Thanks a lot, Wes. That makes it very clear.
Just to convince myself, I also ran the parquet-tools dump for a single
column "user" and I could cross check the six instances in the binary and
the dump. I see the first one is a rowgroup level stats, the second one is
a page level stats and finally the pair.
The data used was :
val tweet1 = TweetAvro
.newBuilder
.setTarget(1)
.setId(123)
.setDate("Saturday 8th, June")
.setUser("nus1")
.setText("Parquet tweet1")
.build()
val tweet2 = TweetAvro
.newBuilder
.setTarget(2)
.setId(234)
.setDate("Sunday 9th, June")
.setUser("nus2")
.setText("Parquet tweet2")
.build()
*parquet-tools dump -c user -n serialized_parquet_file.parquet*
row group 0
--------------------------------------------------------------------------------
user: BINARY UNCOMPRESSED DO:0 FPO:235 SZ:49/49/1.00 VC:2
ENC:PLAIN,BIT_PACKED ST:[*min: nus1, max: nus2*, num_nulls: 0]
user TV=2 RL=0 DL=0
----------------------------------------------------------------------------
page 0: DLE:BIT_PACKED RLE:BIT_PACKED VLE:PLAIN ST:[*min: nus1, max:
nus2,* num_nulls: 0] SZ:16 VC:2
BINARY user
--------------------------------------------------------------------------------
*** row group 1 of 1, values 1 to 2 ***
value 1: R:0 D:0 *V:nus1*
value 2: R:0 D:0 *V:nus2*
Thanks a ton, again.
Cheers,
Arun
On Tue, Feb 26, 2019 at 10:14 PM Arun Manivannan <[email protected]> wrote:
> Hi,
>
> Apologies in advance if this a silly question.
>
> I was trying to compare the various data formats as an exercise and I
> noticed that the size of a parquet output file is huge (2 KB) compared to
> thrift (79 bytes), PB (45 bytes) or Avro (333 bytes). I thought the issue
> was with Spark and then I used a ThriftParquetWriter to write a single
> record (AvroParquetWriter yielded the same result too, the tiny difference
> in bytes is because of the schema part). The trouble is that I see 5
> instances of the data in the binary (hence the 2KB) size.
>
> Could someone explain or point me to a link that explains why this is the
> case?
>
> This is parquet 1.8.2 and I haven't tried any lower version.
>
> *Binary : *
> [image: image.png]
>
> *Code (Thrift): *
>
> def serialize(t: TweetThrift, file: File) = {
> val dataFileWriter = new ThriftParquetWriter[TweetThrift](new
> Path(file.getAbsolutePath),
> classOf[TweetThrift],
> CompressionCodecName.UNCOMPRESSED)
> dataFileWriter.write(t)
> dataFileWriter.close()
> }
>
> val tweet = new TweetThrift(1, 123, "Saturday 8th, June", "arunma")

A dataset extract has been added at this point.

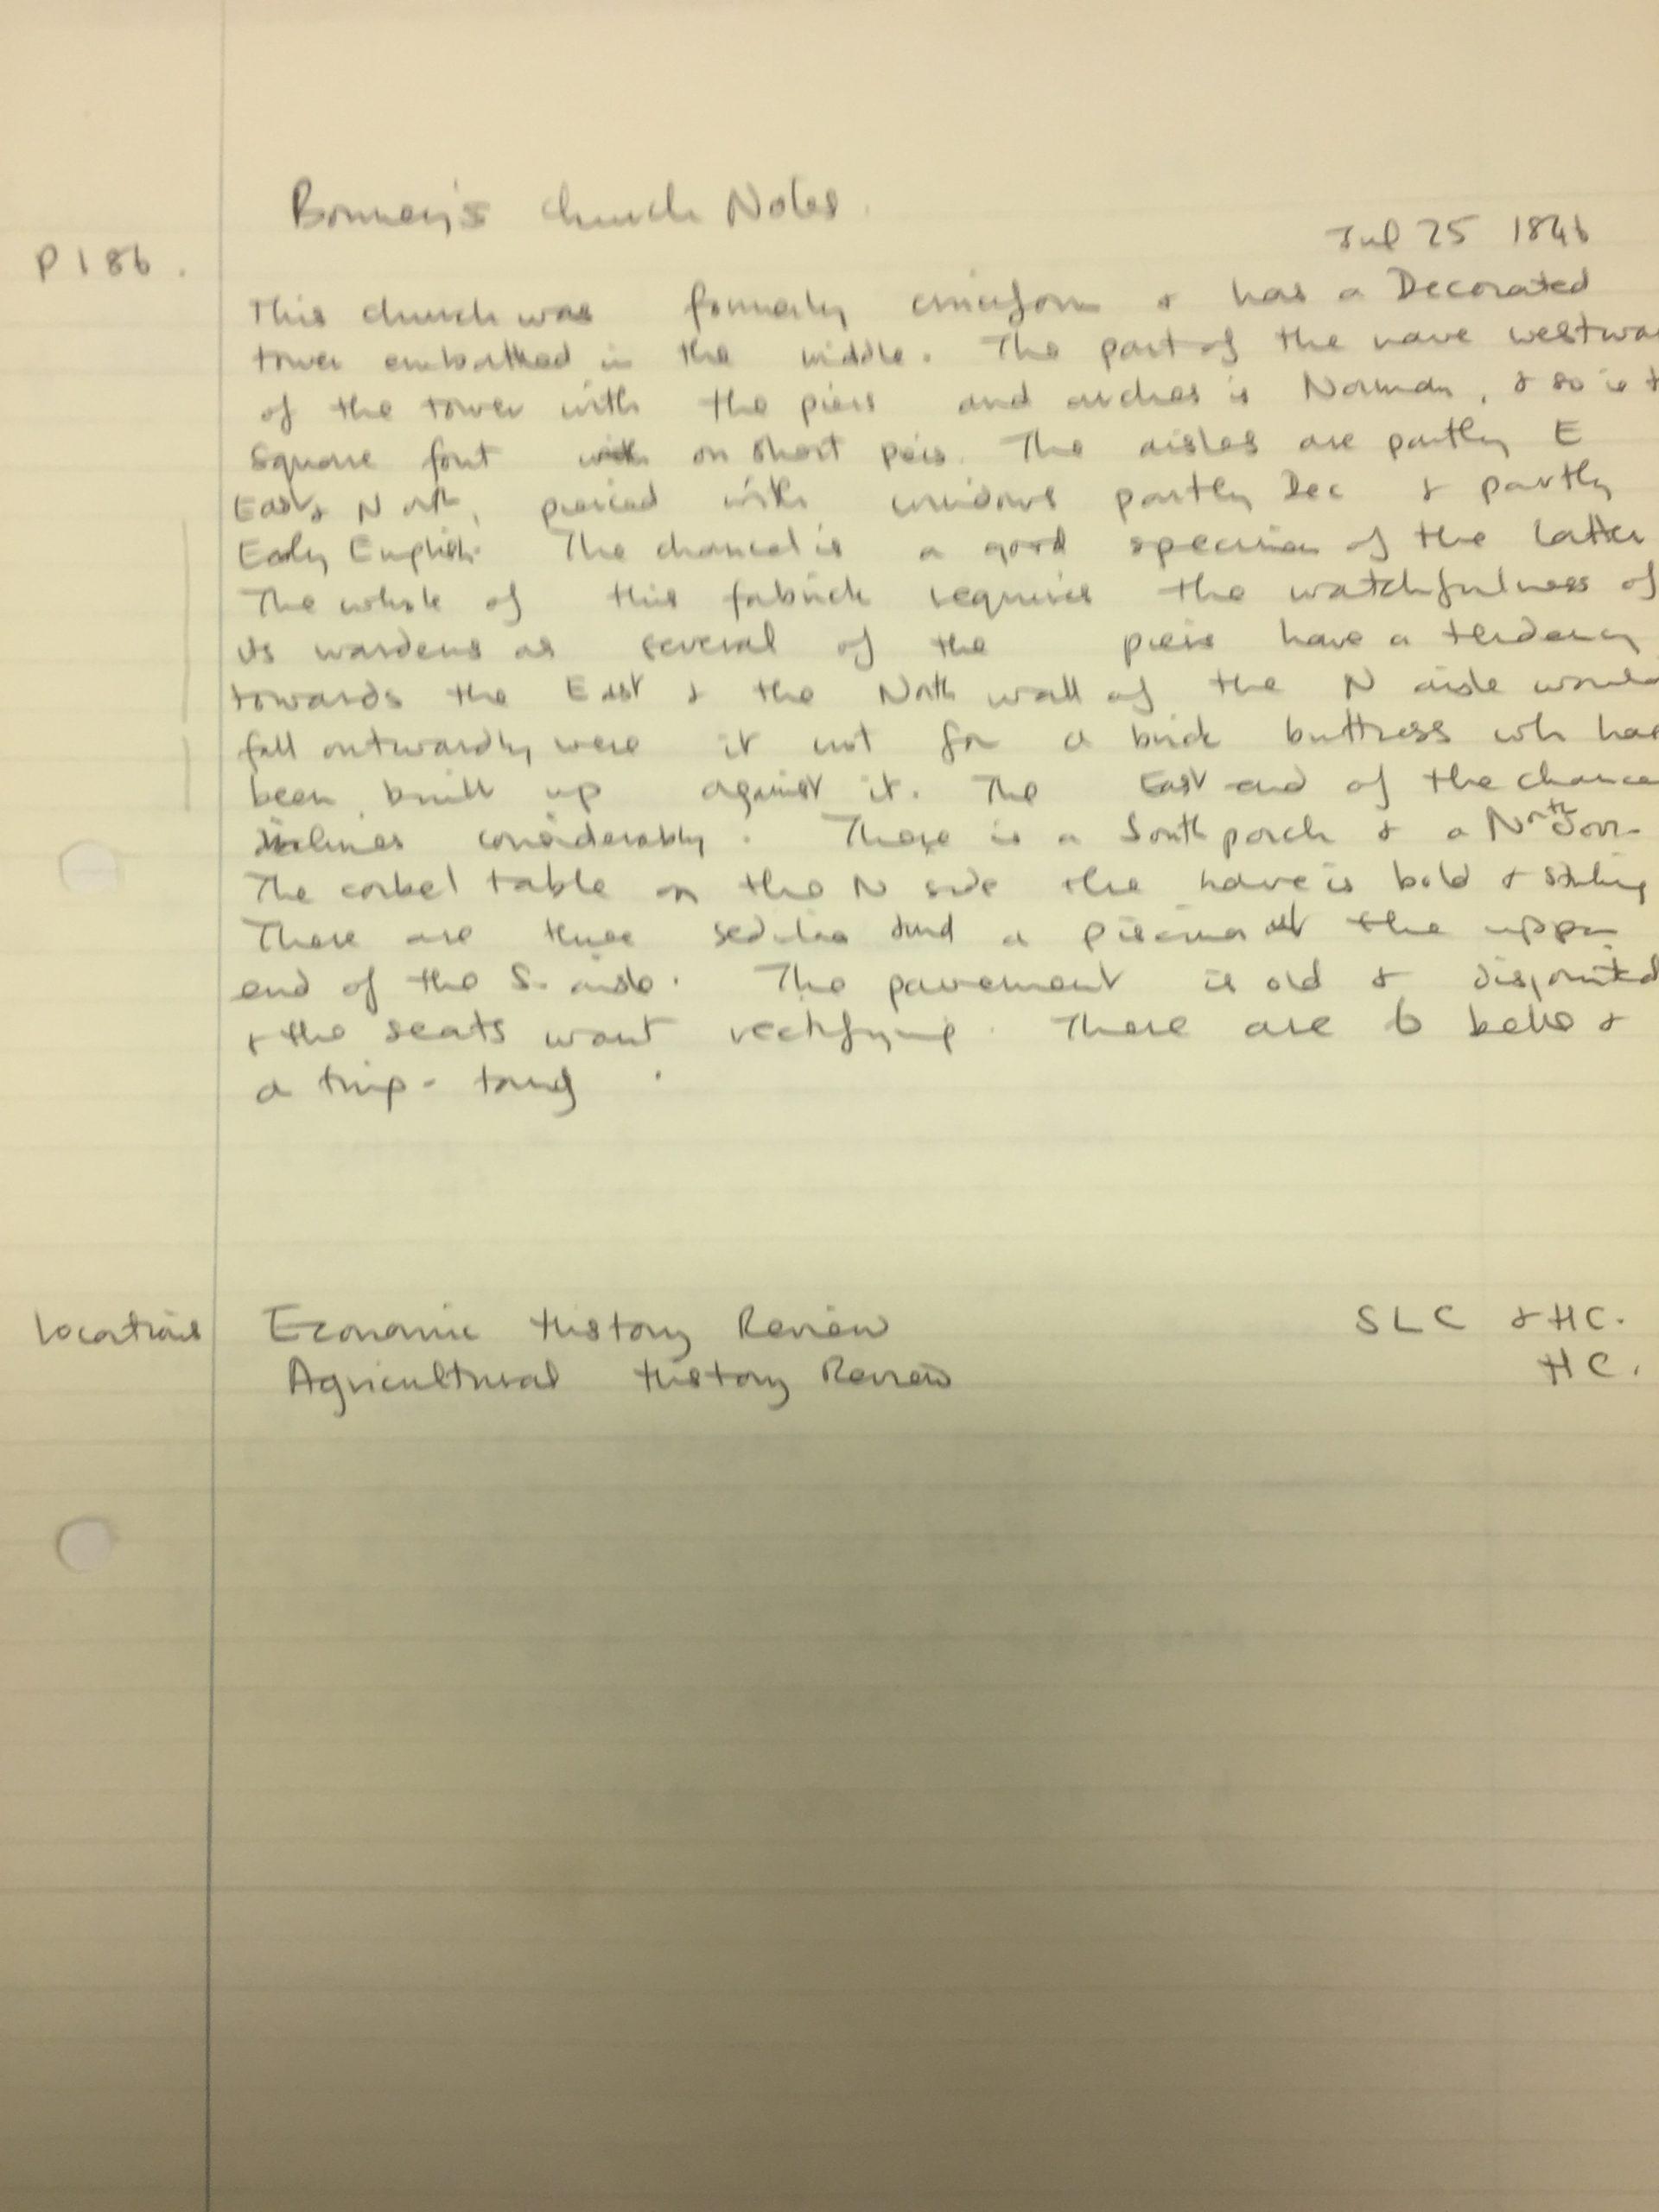 HH STSW 1846 Bonney's church notes

> tweet.setText("First tweet")
> ParquetSerDe.serialize(tweet, file)
>
>
> *Code (Avro): *
>
> val file = new File ("serialized_parquet_file.parquet")
> val tweet = TweetAvro
> .newBuilder
> .setTarget(1)
> .setId(123)
> .setDate("Saturday 8th, June")
> .setUser("arunma")
> .setText("Parquet tweet")
> .build()
>
> ParquetSerDe.serialize(tweet, TweetAvro.SCHEMA$, file)
>
>
>
> Cheers,
>
> Arun
>
>